Learning Structured Ordinal Measures for Video based Face Recognition
This addresses face recognition from videos, offering improved efficiency and accuracy, but it is incremental as it builds on existing ordinal and structured methods.
The paper tackles video-based face recognition by proposing a structured ordinal measure method that learns ordinal filters and features, achieving state-of-the-art recognition rates on three databases with fewer features and samples.
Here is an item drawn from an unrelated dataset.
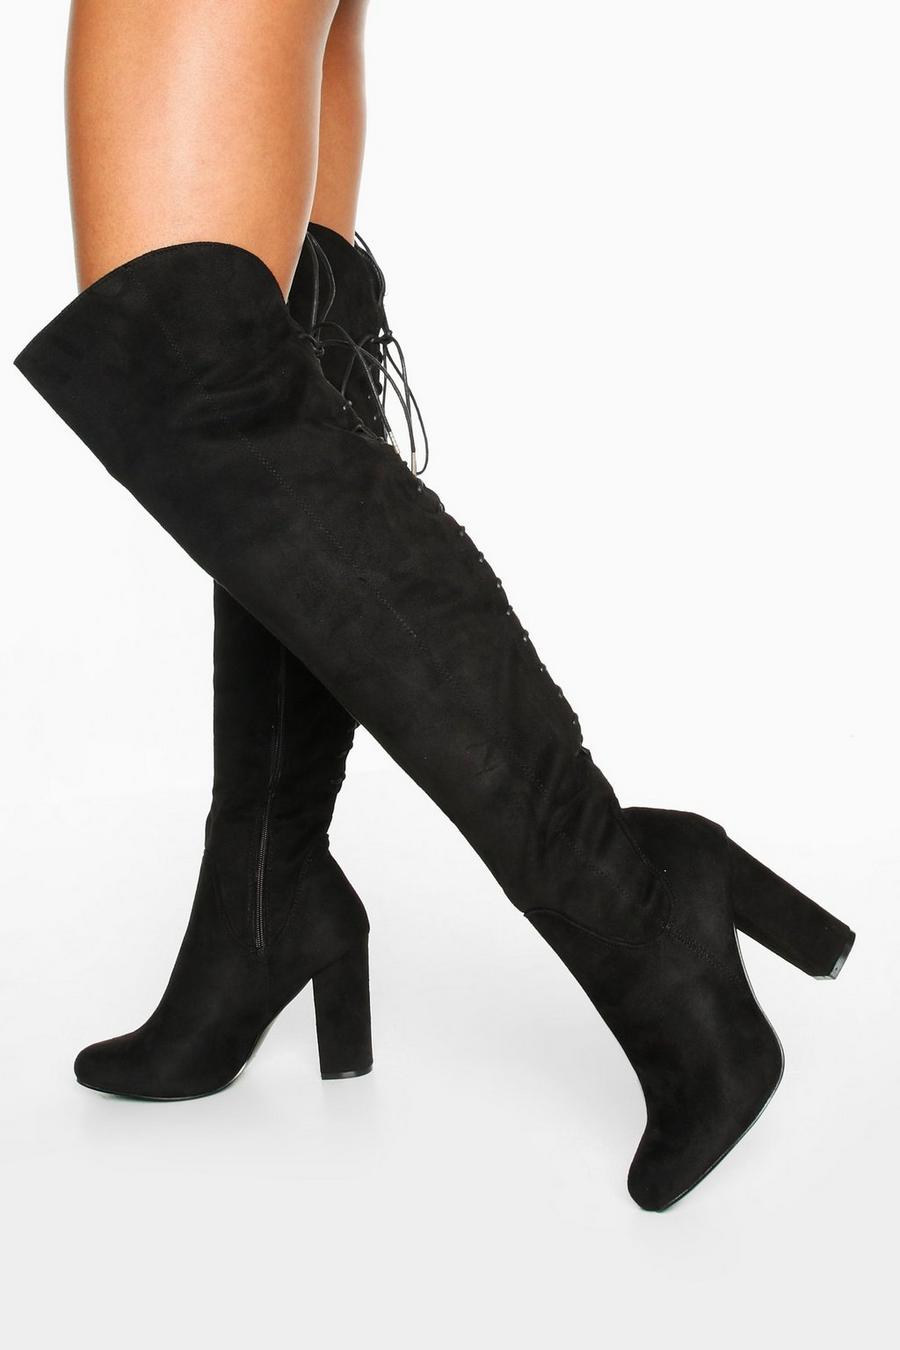 Knee High Lace Heels Hot Sale | bellvalefarms.com

This paper presents a structured ordinal measure method for video-based face recognition that simultaneously learns ordinal filters and structured ordinal features. The problem is posed as a non-convex integer program problem that includes two parts. The first part learns stable ordinal filters to project video data into a large-margin ordinal space. The second seeks self-correcting and discrete codes by balancing the projected data and a rank-one ordinal matrix in a structured low-rank way. Unsupervised and supervised structures are considered for the ordinal matrix. In addition, as a complement to hierarchical structures, deep feature representations are integrated into our method to enhance coding stability. An alternating minimization method is employed to handle the discrete and low-rank constraints, yielding high-quality codes that capture prior structures well. Experimental results on three commonly used face video databases show that our method with a simple voting classifier can achieve state-of-the-art recognition rates using fewer features and samples.